(DATA):
━━━━━━━━

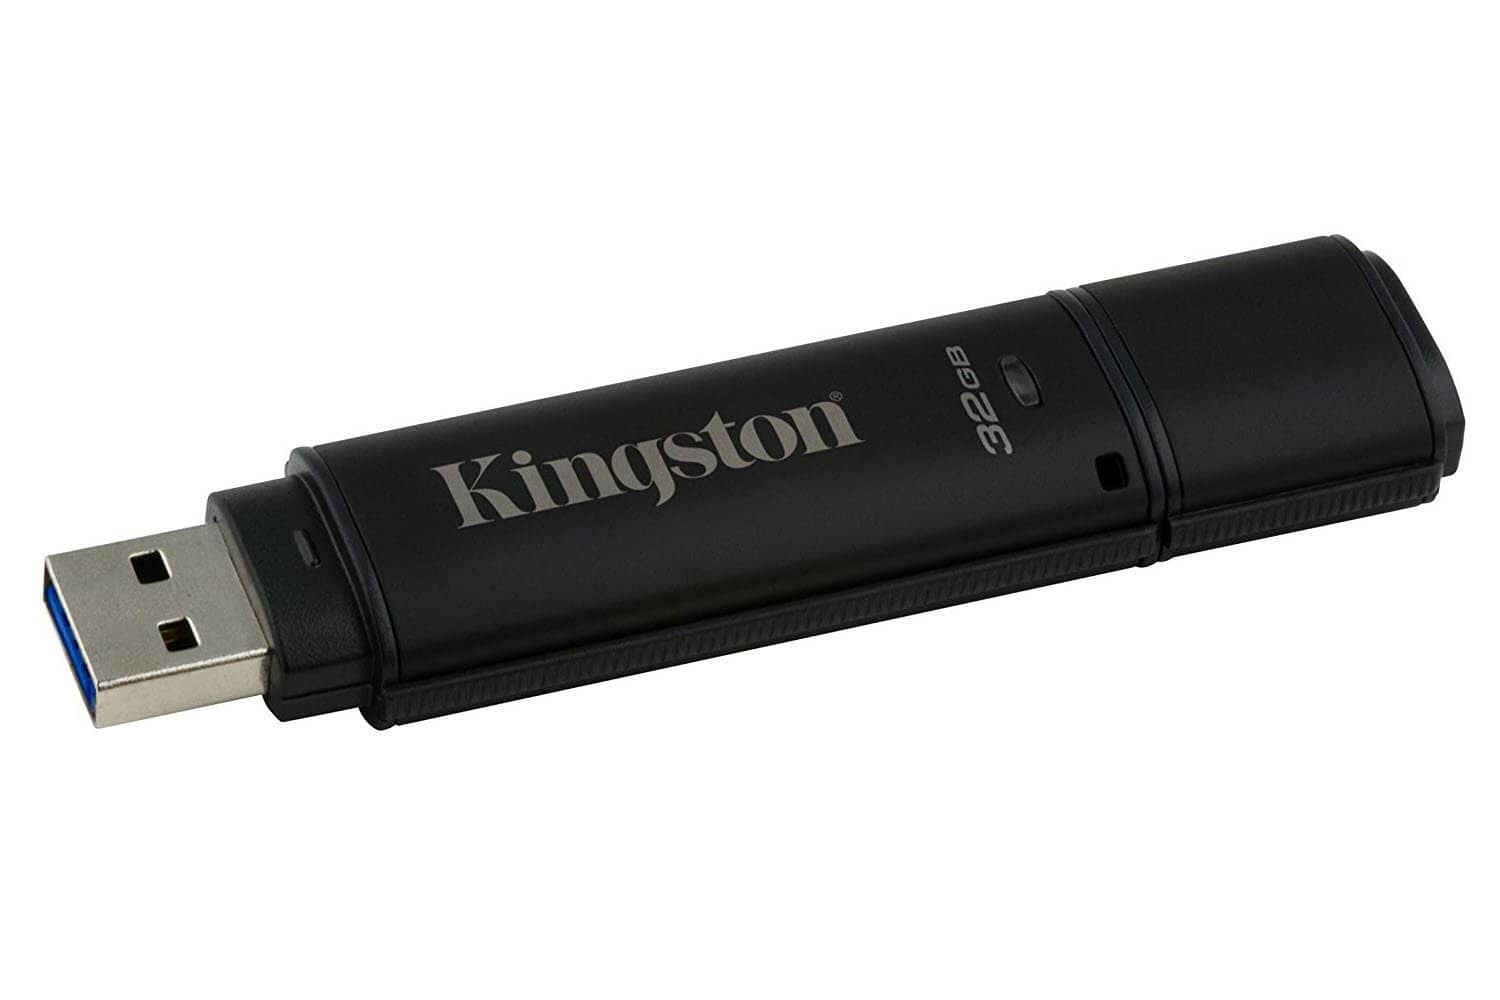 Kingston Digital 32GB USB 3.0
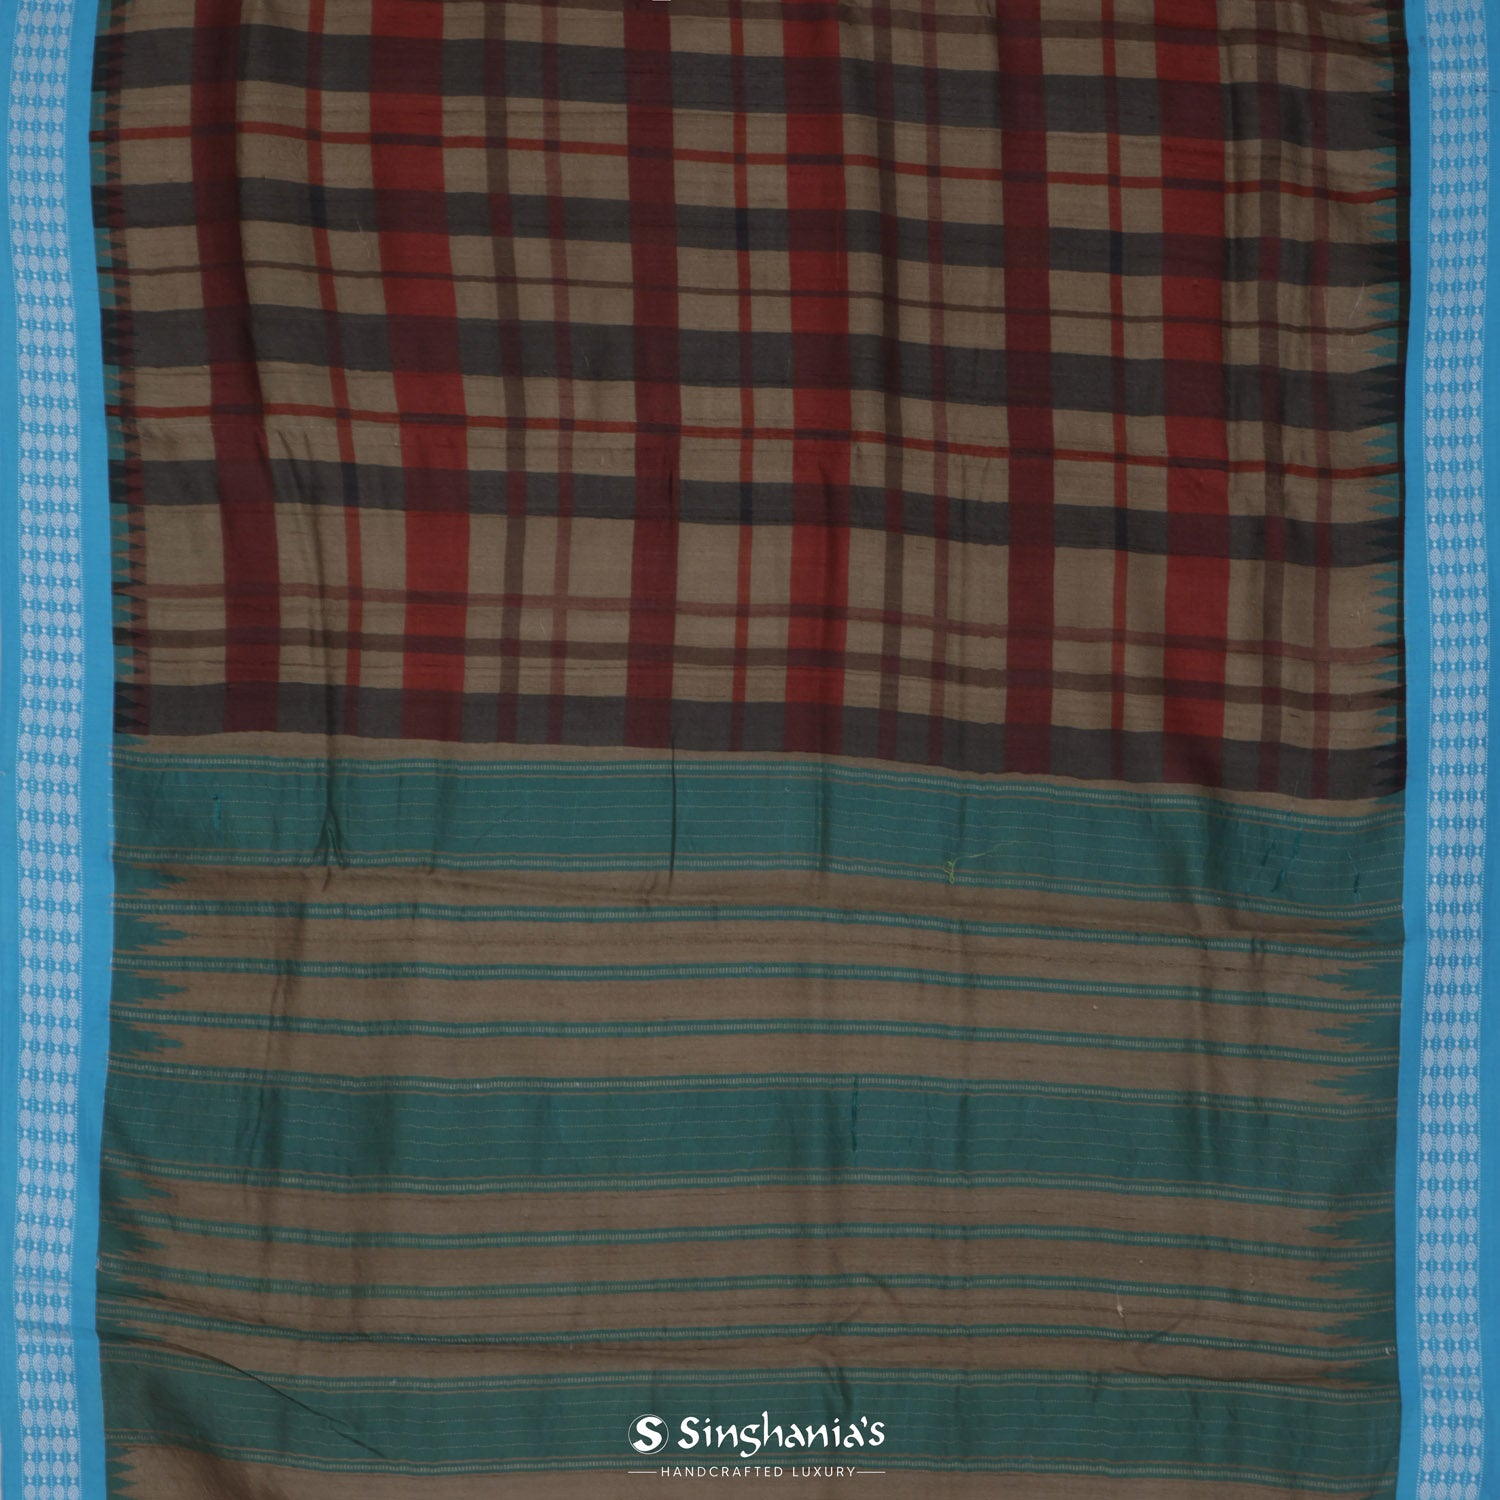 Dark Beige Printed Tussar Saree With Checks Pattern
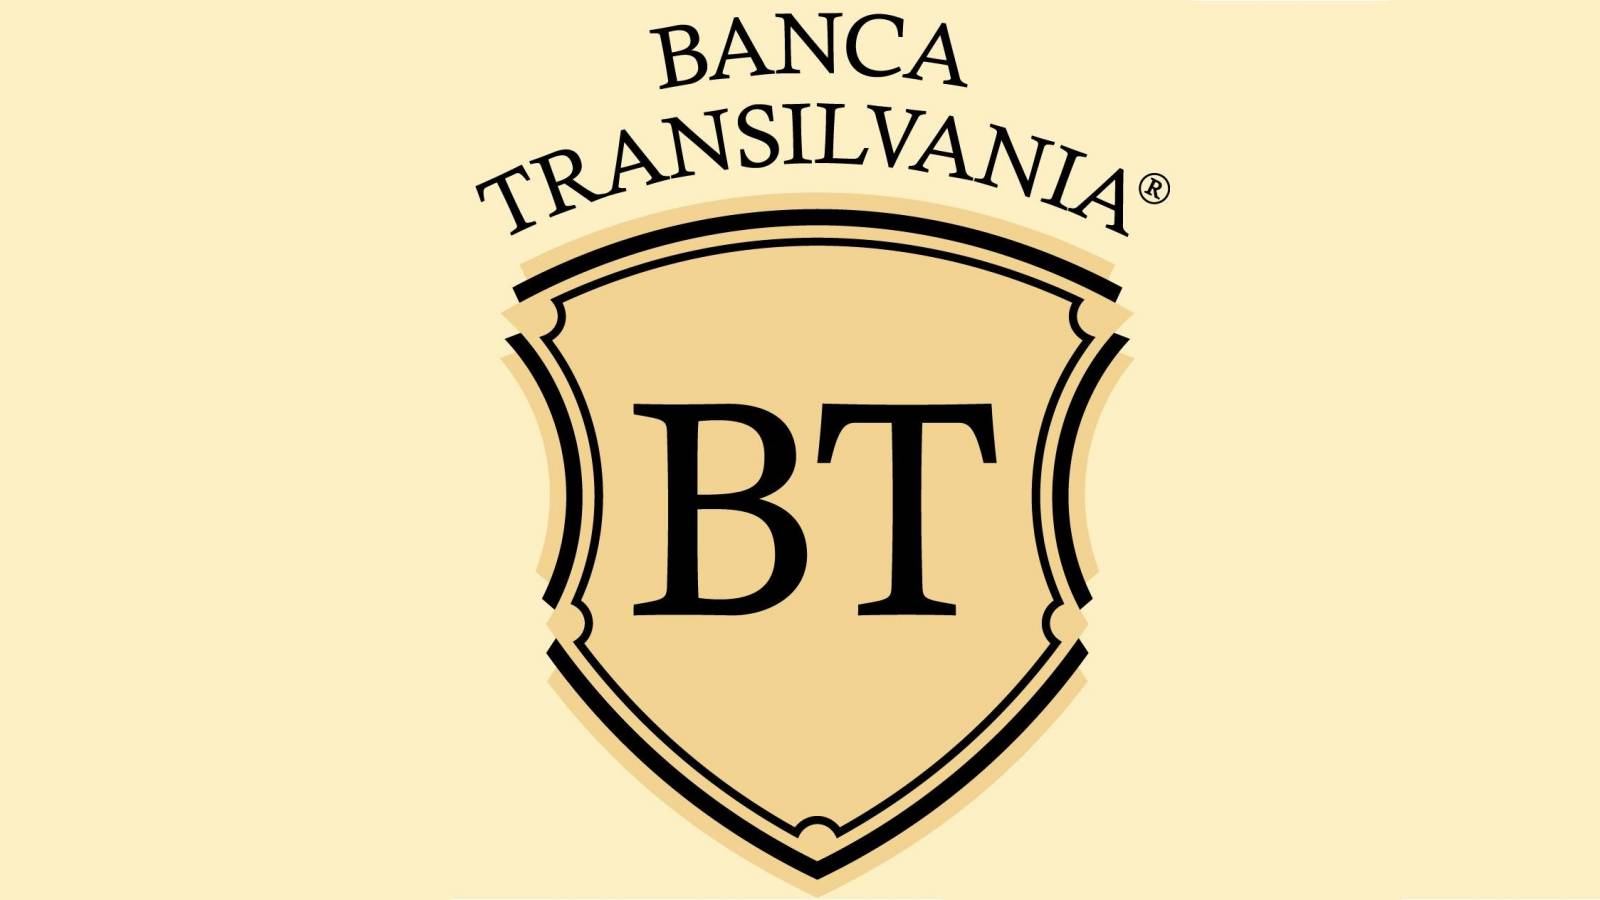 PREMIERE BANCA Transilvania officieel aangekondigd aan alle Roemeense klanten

━━━━━━━━

(EXERCISE DESCRIPTION):
Leave the pictures out and output the rest of the data word for word.

(EXERCISE RESULT):
 Kingston Digital 32GB USB 3.0
 Dark Beige Printed Tussar Saree With Checks Pattern
 PREMIERE BANCA Transilvania officieel aangekondigd aan alle Roemeense klanten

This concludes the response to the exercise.